如何刪除列表中的字典元素？

Question

列表中有一些字典：

a = [{1: 2}, {1: 3}, {2: 5}, {2: 3}]

這本字典的所有鍵和值都是int類型，有些字典有相同的鍵，我想保留那些具有相同鍵且值比其他字典大的字典，我該怎么做？ 示例：我想獲取此列表：

[{1: 3}, {2: 5}]

Answer 1

假設每個字典只有一個鍵/值對，這里有一個可能的解決方案。 本質上，創建一個新字典來跟蹤每個鍵的最大值。 然后，將其變成最終列表。

def remove_duplicates(dicts):
    merged = {}
    for d in dicts:
        key, value = list(d.items())[0]
        if key not in merged:
            merged[key] = value
        else:
            merged[key] = max(
                merged[key], value
            )
    return [
        {key: value}
        for key, value in merged.items()
    ]

Answer 2

a = [{1: 2}, {1: 3}, {2: 5}, {2: 3}]

output = {}

for d in a:
    k = list(d.keys())[0]
    v = list(d.values())[0]
    if k not in output.keys():
        output[k] = v
    else:
        if output[k] < v:
            output[k] = v

output = [{k:v} for k, v in output.items()]

print(output)

Answer 3

from itertools import groupby
a = [{1: 2}, {1: 3}, {2: 5}, {2: 3}]
[{k, max(y[1] for y in g)} # build up the result by recreating the list of maps by taking the keys in the group and map them to the biggest value in the group
 for k, g
 in groupby((sorted( # group everything together, so that those touples with the same key (=index 0) are in the same group
     ((k, v) for m in a for k, v in m.items())  # transform the list of maps to a generator of tuples
     , key=lambda x: x[0])), key=lambda x: x[0])]
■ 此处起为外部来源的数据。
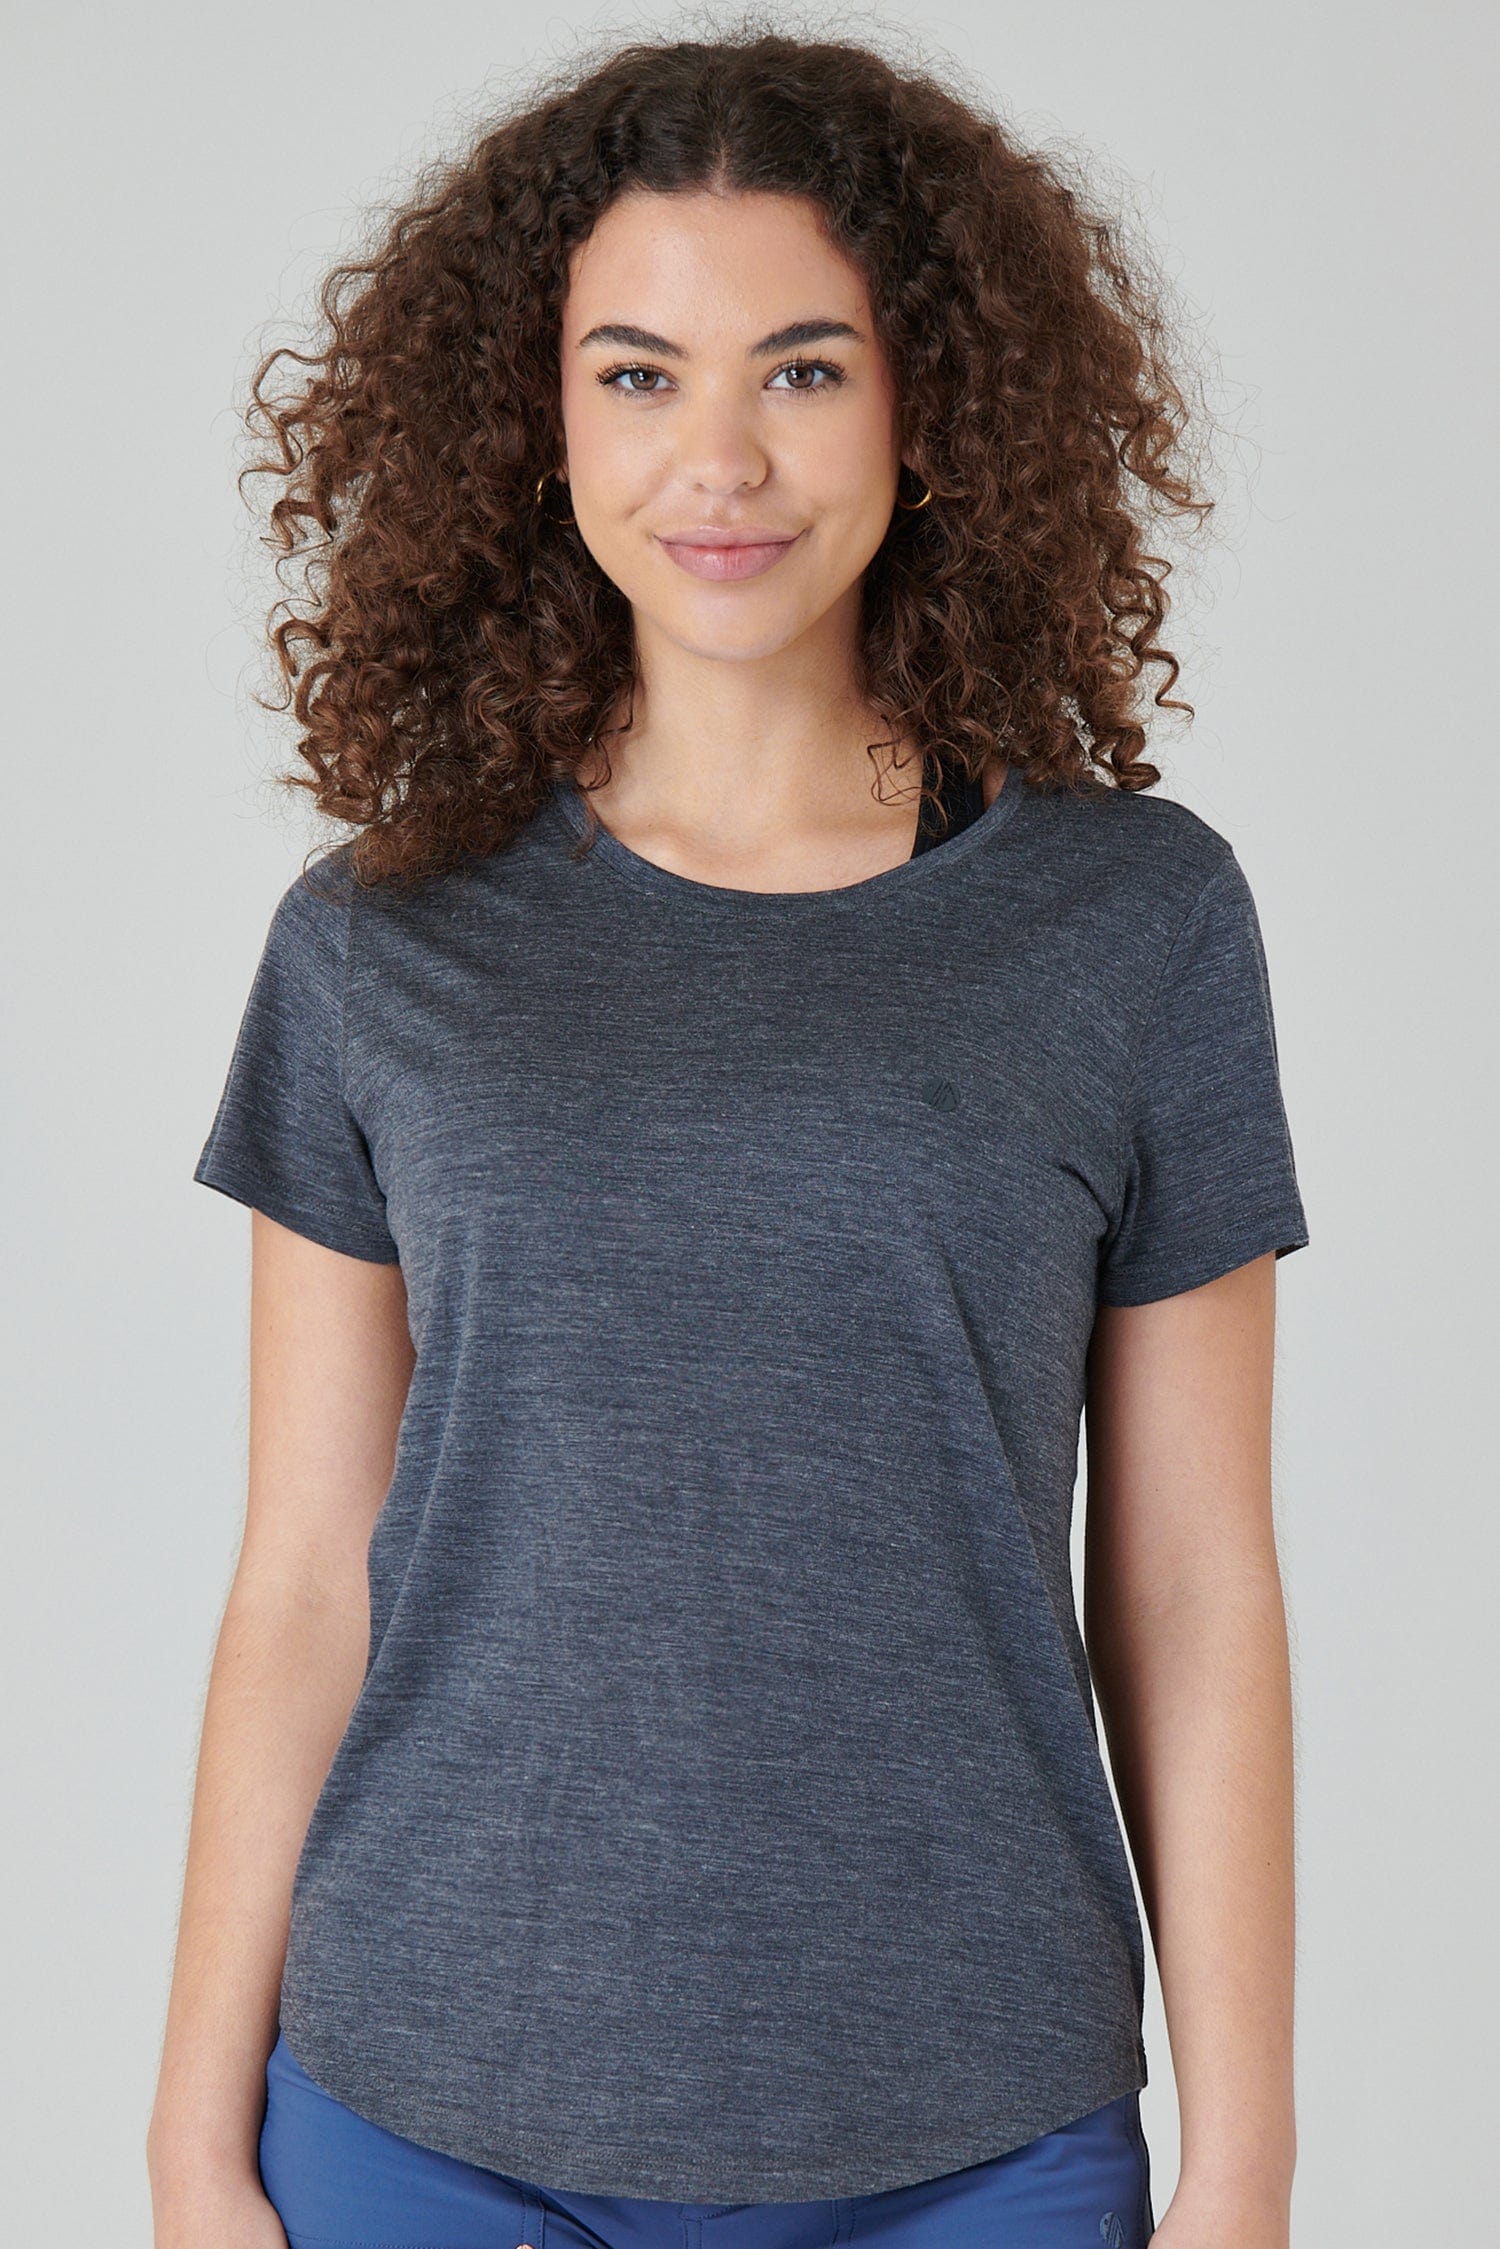 Merino Wool Crew Neck T-shirt - Charcoal - Xlarge / Uk16 - Womens - Acai Outdoorwear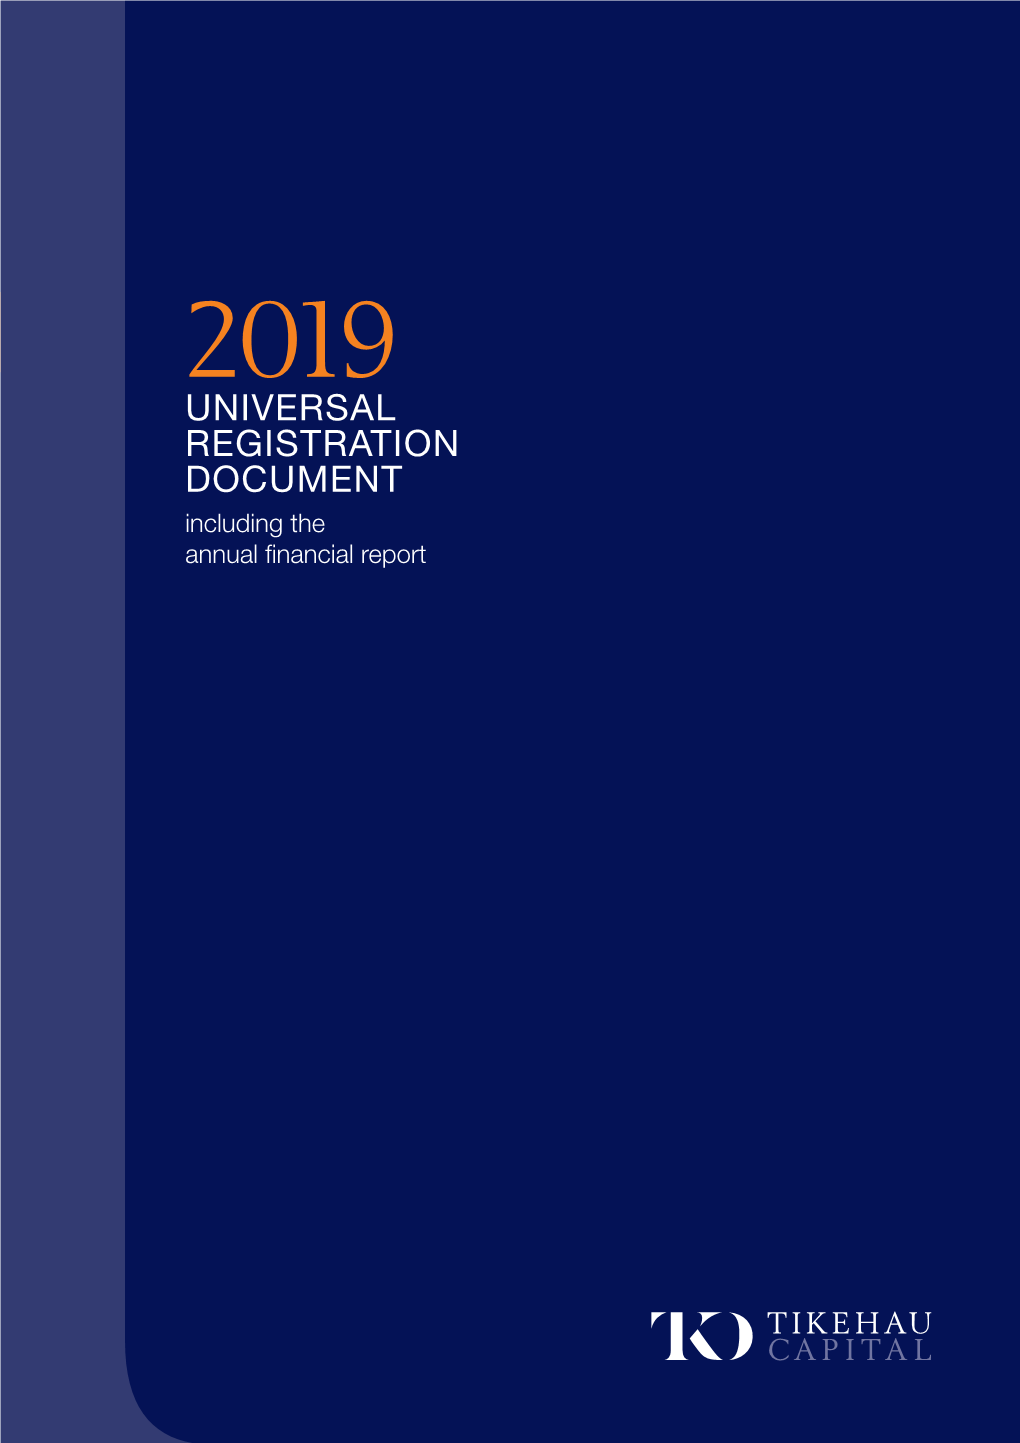 TIKEHAU CAPITAL 2019 UNIVERSAL REGISTRATION DOCUMENT 2019 UNIVERSAL REGISTRATION DOCUMENT Including the Annual Financial Report

所以在這里我首先將映射列表轉換為元組列表（這更有意義，但這只是我），通過鍵將它們組合在一起，然后通過取其中的最大值為每個鍵創建新映射每組。

Answer 4

與BrownieInMotion 的方法相同的邏輯，但代碼更清晰，使用列表理解來獲得結果。

a = [{1: 2}, {1: 3}, {2: 5}, {2: 3}]

temp = {}
for item in a:
    i, v = list(*item.items())

    if i not in temp:
        temp[i] = v
    else:
        temp[i] = max(v, temp[i])

print([{i: v} for i, v in temp.items()])

解包用法list(*item.items())僅限於單鍵字典。 如果你想取消限制，你可以繼續使用list(item.items())[0] 。

Answer 5

使用collections.defaultdict簡單方法：

from collections import defaultdict

a = [{1: 2}, {1: 3}, {2: 5}, {2: 3}]

temp = defaultdict(lambda: float("-inf"))
for item in a:
    [(i, v)] = item.items()
    temp[i] = max(v, temp[i])

res = [{i: v} for i, v in temp.items()]
print(res)

輸出

[{1: 3}, {2: 5}]